WORK TO BE COMPLETED: Starting at the line that has "Meeting Rooms 6, 7 & 8, TOG, Stanley" and stopping after the line that has "Her Royal Highness Logo", reproduce the listing below exactly; omit everything else.

──────── RECORDS ────────

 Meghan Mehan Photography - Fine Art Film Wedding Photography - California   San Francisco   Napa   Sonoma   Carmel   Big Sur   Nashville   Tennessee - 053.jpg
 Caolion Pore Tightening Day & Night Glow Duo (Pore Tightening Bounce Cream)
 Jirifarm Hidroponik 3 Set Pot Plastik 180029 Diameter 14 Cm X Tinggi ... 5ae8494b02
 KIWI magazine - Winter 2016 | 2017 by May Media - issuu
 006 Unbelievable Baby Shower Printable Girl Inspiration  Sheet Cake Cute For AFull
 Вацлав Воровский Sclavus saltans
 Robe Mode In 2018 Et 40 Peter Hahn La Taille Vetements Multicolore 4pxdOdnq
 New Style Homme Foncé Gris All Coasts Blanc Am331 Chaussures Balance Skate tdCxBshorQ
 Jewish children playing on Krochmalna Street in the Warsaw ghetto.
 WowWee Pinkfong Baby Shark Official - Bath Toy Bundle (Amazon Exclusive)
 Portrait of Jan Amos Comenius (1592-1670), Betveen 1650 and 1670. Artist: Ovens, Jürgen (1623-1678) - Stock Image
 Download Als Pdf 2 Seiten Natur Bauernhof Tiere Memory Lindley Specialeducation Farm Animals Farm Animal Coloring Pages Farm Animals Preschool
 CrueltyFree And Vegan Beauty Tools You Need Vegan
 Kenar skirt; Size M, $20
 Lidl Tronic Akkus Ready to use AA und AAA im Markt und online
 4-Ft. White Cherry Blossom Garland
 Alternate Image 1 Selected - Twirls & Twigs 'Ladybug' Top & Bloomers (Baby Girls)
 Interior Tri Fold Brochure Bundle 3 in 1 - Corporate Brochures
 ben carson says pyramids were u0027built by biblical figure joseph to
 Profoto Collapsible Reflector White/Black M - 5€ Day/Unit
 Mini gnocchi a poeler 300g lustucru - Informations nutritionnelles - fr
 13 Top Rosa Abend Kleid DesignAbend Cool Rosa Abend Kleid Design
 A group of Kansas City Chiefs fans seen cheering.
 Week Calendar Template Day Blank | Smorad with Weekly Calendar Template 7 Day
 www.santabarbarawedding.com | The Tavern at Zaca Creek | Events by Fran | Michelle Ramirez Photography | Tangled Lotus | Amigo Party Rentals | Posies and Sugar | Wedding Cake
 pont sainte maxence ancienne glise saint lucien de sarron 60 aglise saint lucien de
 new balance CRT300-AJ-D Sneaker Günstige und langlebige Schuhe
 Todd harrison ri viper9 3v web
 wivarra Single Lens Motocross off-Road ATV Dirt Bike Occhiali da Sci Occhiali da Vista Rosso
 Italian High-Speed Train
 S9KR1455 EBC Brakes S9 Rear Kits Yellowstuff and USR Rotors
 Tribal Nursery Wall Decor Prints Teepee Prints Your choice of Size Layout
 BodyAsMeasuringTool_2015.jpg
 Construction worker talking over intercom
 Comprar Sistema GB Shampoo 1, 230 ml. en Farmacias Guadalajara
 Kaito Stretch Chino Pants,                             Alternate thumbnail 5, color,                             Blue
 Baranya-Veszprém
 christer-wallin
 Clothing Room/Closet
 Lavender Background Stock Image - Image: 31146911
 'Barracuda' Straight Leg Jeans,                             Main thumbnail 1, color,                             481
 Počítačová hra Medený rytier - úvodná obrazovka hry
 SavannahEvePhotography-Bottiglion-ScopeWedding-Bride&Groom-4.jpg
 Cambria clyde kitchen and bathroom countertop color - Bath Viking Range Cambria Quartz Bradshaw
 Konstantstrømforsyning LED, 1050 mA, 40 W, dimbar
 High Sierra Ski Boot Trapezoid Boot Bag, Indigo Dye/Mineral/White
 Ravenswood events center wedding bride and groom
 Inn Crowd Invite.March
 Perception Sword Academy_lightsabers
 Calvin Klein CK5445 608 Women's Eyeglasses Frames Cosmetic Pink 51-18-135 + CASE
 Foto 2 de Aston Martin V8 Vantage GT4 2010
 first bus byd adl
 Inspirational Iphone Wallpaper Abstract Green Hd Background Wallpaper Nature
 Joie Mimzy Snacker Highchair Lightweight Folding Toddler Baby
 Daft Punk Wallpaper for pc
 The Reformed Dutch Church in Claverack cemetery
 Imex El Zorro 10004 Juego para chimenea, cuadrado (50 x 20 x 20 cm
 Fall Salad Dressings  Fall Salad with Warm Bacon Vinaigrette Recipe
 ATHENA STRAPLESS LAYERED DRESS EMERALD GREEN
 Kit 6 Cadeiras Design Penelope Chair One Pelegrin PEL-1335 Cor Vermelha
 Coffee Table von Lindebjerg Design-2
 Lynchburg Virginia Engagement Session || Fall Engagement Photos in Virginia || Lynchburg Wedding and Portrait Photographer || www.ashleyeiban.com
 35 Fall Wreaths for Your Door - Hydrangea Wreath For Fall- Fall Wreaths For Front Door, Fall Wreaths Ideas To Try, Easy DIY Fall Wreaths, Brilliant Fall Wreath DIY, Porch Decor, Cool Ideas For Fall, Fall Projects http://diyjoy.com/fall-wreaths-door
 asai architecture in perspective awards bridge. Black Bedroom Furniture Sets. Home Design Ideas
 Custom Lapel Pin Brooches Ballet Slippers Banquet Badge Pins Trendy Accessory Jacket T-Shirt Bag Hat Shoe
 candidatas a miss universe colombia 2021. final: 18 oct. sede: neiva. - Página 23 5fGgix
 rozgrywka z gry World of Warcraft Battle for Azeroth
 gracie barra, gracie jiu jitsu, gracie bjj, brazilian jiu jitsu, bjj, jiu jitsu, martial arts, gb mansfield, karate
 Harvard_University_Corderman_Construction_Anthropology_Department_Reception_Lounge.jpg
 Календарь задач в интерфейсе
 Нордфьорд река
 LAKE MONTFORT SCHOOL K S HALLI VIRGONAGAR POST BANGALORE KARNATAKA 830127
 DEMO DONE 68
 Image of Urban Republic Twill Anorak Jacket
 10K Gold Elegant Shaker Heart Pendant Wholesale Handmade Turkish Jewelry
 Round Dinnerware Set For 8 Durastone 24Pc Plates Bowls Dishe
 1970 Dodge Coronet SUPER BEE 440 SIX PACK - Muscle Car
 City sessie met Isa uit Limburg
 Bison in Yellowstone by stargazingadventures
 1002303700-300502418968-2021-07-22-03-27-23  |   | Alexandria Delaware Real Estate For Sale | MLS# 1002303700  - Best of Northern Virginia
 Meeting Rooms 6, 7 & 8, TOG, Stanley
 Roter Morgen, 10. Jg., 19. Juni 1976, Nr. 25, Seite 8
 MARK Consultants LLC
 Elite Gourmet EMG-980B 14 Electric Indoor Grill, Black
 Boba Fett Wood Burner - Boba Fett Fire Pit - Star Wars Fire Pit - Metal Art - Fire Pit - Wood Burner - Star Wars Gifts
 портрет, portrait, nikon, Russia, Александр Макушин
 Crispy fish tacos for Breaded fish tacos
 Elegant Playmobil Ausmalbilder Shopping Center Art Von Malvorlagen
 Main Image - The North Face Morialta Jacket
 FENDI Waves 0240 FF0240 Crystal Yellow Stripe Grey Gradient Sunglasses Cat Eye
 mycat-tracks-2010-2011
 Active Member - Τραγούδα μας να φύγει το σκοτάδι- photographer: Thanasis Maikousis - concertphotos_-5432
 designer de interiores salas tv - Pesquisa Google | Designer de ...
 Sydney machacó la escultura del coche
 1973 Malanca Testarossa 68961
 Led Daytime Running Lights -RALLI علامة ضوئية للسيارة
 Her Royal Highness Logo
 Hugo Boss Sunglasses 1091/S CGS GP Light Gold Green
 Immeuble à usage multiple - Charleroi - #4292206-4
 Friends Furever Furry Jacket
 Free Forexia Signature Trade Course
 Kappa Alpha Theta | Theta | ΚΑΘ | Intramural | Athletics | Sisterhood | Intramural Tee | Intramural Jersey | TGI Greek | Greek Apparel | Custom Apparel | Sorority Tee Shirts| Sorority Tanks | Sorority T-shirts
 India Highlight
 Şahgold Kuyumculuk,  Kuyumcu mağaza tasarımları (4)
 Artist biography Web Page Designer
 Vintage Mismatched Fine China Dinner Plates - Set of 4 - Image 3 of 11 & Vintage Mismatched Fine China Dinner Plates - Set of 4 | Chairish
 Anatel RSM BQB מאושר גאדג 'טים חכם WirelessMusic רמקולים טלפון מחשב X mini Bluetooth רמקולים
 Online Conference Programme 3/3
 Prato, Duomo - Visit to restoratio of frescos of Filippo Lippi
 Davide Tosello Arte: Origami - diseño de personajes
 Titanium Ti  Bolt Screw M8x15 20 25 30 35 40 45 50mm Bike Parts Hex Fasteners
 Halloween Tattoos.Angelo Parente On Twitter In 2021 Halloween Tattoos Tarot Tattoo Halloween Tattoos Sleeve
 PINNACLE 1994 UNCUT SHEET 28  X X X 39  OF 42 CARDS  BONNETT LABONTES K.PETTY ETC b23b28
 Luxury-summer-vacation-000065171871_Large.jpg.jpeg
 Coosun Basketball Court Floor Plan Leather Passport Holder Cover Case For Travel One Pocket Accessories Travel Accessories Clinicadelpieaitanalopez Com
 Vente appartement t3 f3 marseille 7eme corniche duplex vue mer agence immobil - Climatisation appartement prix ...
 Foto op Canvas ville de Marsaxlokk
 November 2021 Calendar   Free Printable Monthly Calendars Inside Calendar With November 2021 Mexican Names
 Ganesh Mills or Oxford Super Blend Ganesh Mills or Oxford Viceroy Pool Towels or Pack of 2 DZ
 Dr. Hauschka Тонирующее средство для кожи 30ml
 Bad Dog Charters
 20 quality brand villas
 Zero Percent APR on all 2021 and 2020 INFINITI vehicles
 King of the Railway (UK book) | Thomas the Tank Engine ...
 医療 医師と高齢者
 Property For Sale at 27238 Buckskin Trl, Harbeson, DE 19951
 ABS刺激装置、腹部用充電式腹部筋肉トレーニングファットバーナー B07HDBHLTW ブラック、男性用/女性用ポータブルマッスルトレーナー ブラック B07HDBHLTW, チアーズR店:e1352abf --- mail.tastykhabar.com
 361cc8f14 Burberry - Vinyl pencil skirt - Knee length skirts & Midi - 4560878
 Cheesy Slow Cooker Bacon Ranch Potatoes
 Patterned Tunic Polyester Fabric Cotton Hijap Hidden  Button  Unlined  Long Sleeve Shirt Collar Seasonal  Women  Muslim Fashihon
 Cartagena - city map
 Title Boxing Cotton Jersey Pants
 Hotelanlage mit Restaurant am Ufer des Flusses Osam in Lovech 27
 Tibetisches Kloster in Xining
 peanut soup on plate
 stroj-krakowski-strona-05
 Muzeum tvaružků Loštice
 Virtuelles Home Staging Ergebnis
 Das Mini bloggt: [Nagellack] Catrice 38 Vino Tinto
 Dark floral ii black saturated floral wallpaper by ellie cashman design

────────

ANSWER:
 Meeting Rooms 6, 7 & 8, TOG, Stanley
 Roter Morgen, 10. Jg., 19. Juni 1976, Nr. 25, Seite 8
 MARK Consultants LLC
 Elite Gourmet EMG-980B 14 Electric Indoor Grill, Black
 Boba Fett Wood Burner - Boba Fett Fire Pit - Star Wars Fire Pit - Metal Art - Fire Pit - Wood Burner - Star Wars Gifts
 портрет, portrait, nikon, Russia, Александр Макушин
 Crispy fish tacos for Breaded fish tacos
 Elegant Playmobil Ausmalbilder Shopping Center Art Von Malvorlagen
 Main Image - The North Face Morialta Jacket
 FENDI Waves 0240 FF0240 Crystal Yellow Stripe Grey Gradient Sunglasses Cat Eye
 mycat-tracks-2010-2011
 Active Member - Τραγούδα μας να φύγει το σκοτάδι- photographer: Thanasis Maikousis - concertphotos_-5432
 designer de interiores salas tv - Pesquisa Google | Designer de ...
 Sydney machacó la escultura del coche
 1973 Malanca Testarossa 68961
 Led Daytime Running Lights -RALLI علامة ضوئية للسيارة
 Her Royal Highness Logo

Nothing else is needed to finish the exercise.